In my last year as Governor of Tennessee, and I am sure it must have been as true in Ohio as well, or nearly true, half of State dollars and a larger proportion of local tax dollars went to support education. Our free-market environment encouraged innovation and enterprise, as well as billions of dollars invested in corporate research. Finally, to top it all off, while we have been outsourcing jobs, we have been insourcing brainpower--572,000 foreign students attend our colleges and universities. One-half of the students in our graduate programs of engineering, science, and computing are foreign students.

There are three reasons I put this question to the National Academies. First, Congress is facing huge budget challenges over the next decade as we grapple with restraining the growth of entitlement spending. I did not want tight budgets to squeeze out the necessary investments in science and technology that create good jobs. Second, as the Augustine report details, there are worrisome reports from all sides in the new competitive world marketplace that the United States will have to make an even greater effort to keep our high standard of living. To put it bluntly, people in India, China, Singapore, Finland, and Ireland know very well that since their brains work similar to our brains, if brainpower is the secret weapon to produce good jobs, then there is no reason they can't have a standard of living more similar to ours. They are working to develop better trained citizens and create their own stream of discoveries.

Third, I wanted to ask this question to those who should know the answer. Members of Congress are not the best ones to guess what the first 10 things we should do are, in the next 10 years, to keep our science and technology edge. This panel represents the best of those brains. Congress is not efficiently organized to deal with broad recommendations such as these. I intend to work with my colleagues to see that all of the recommendations in the report are introduced and given a fair hearing in various committees that have jurisdiction. I see the senior Senator from Missouri and the Senator from Ohio. Both of them have been leaders in this body on this very question of how do we keep our secret weapon, our brainpower advantage, in order to keep good jobs.

But what should happen is that President Bush should make this report the subject of his State of the Union Address and the focus of his remaining 3 years in office. This challenge cries out for executive leadership. This challenge is the real answer to most of our hopes and the solution to most of our big problems. From high gasoline prices to the outsourcing of chemical industry jobs, from the shortage of engineers to the growing number of lower wage jobs, from energy independence to controlling health care costs, this is the challenge that most Americans wish their Government would put up front.

We have begun the discussion with a bipartisan question to the wisest Americans who know the answer. We have a remarkable opportunity now because of the Augustine report, upon which we will have our hearing tomorrow.
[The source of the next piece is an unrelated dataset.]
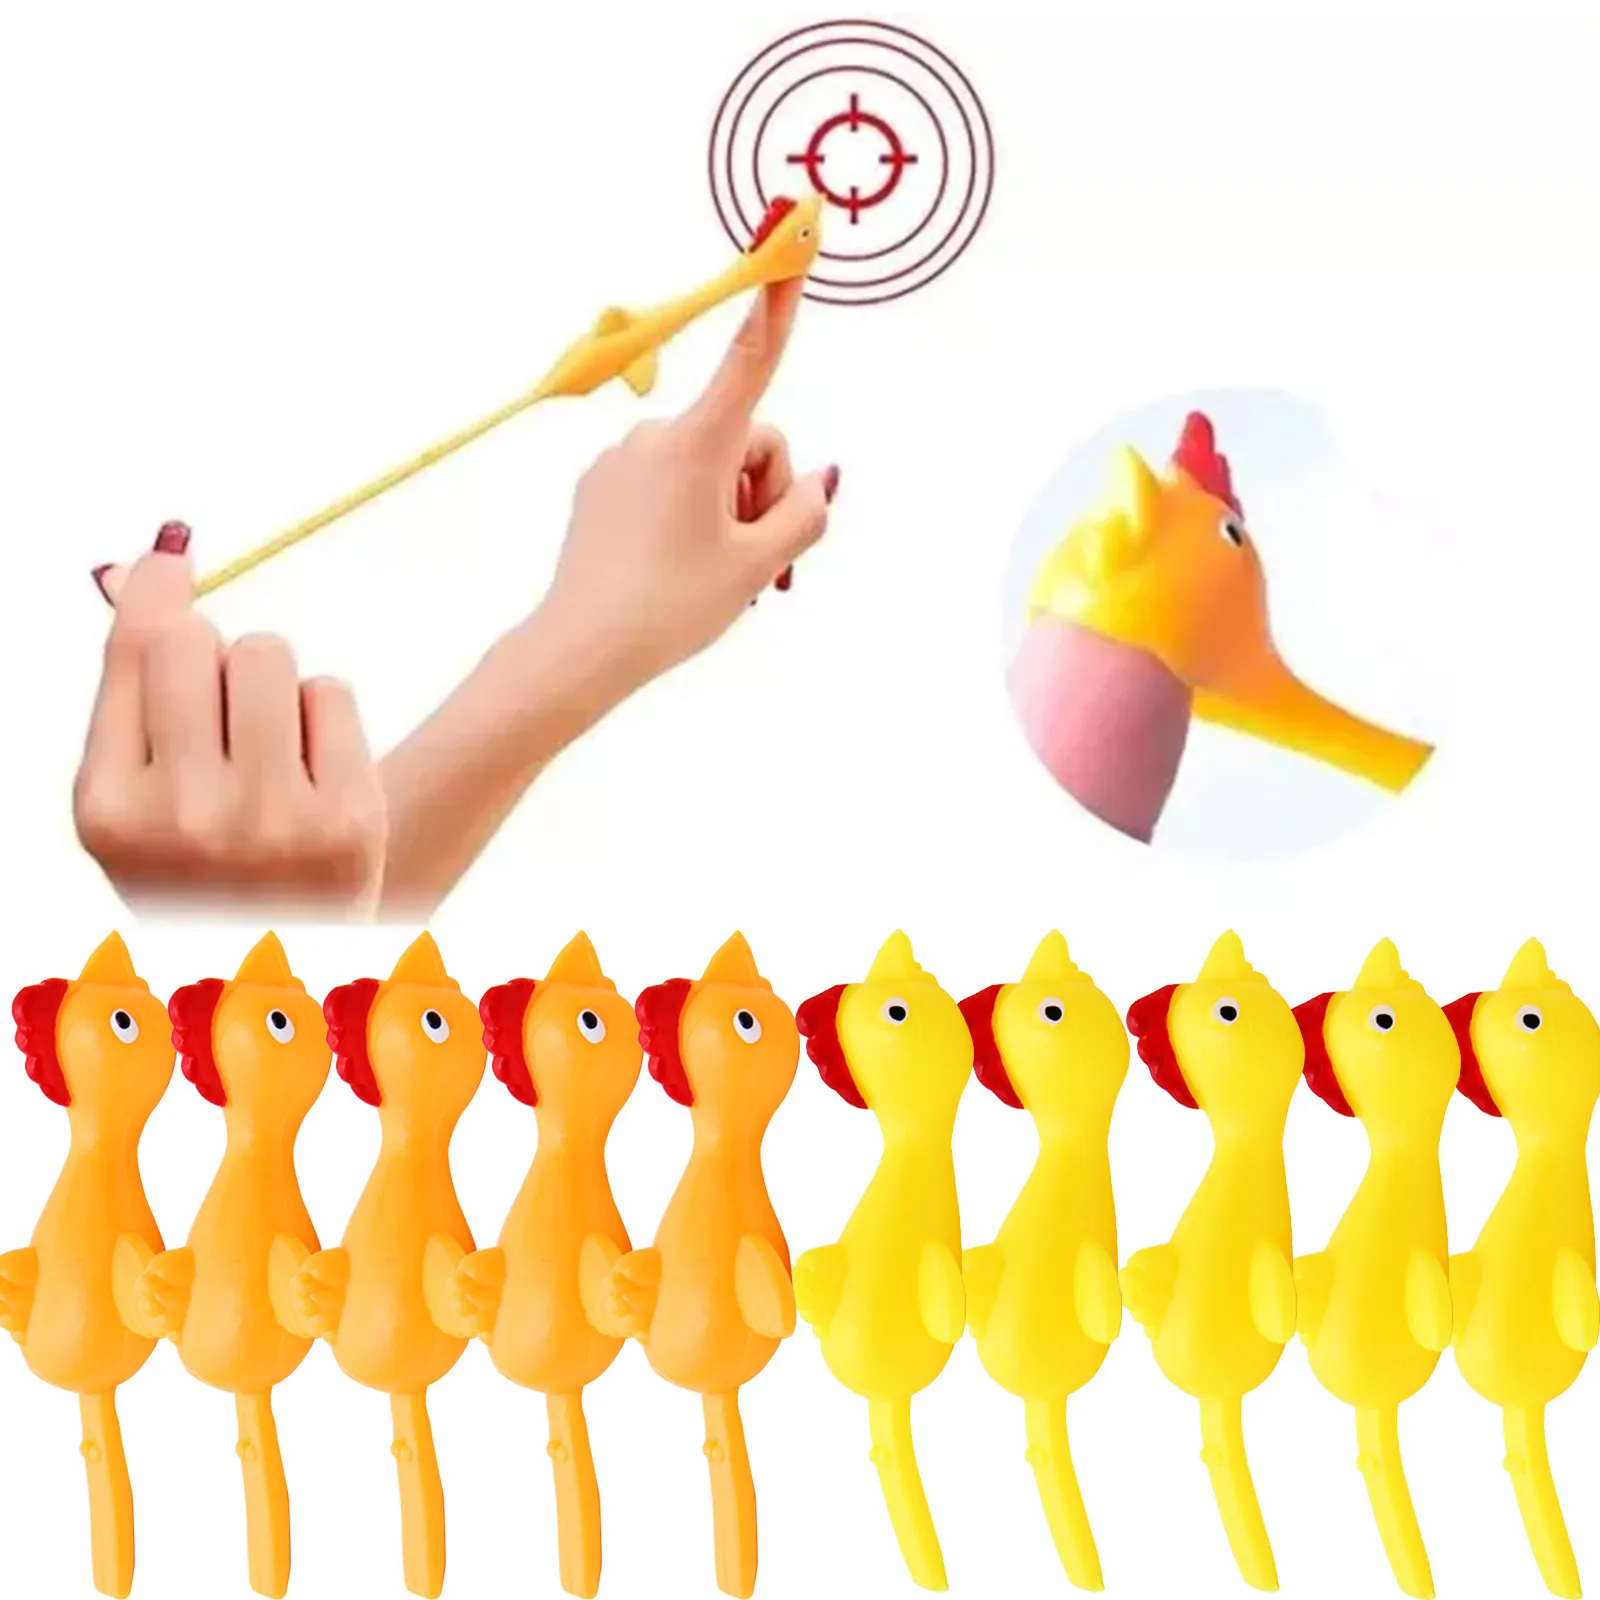 

Креативная катапульта Запуск индейки развлечение и хитрый Рогатка цыпленок тренировка курица эластичный Летающий палец липкие игрушки де...

We will have an opportunity now to act on the recommendations of that report in the same spirit.

Mr. President, I ask unanimous consent to have printed in the RECORD the following items: A copy of the executive summary of the Augustine report entitled ``Rising Above the Gathering Storm.'' This is the report of the National Academy of Sciences, National Academy of Engineering, and the Institute of Medicine--4 recommendations with 20 specific steps that we ought to take over the next 10 years to keep our brainpower advantage so we can keep good jobs. Second, I ask unanimous consent to have printed after that the article by Thomas L. Friedman in the New York Times, on October 14, called ``Keeping Us in the Race,'' which is his commentary on the Augustine report.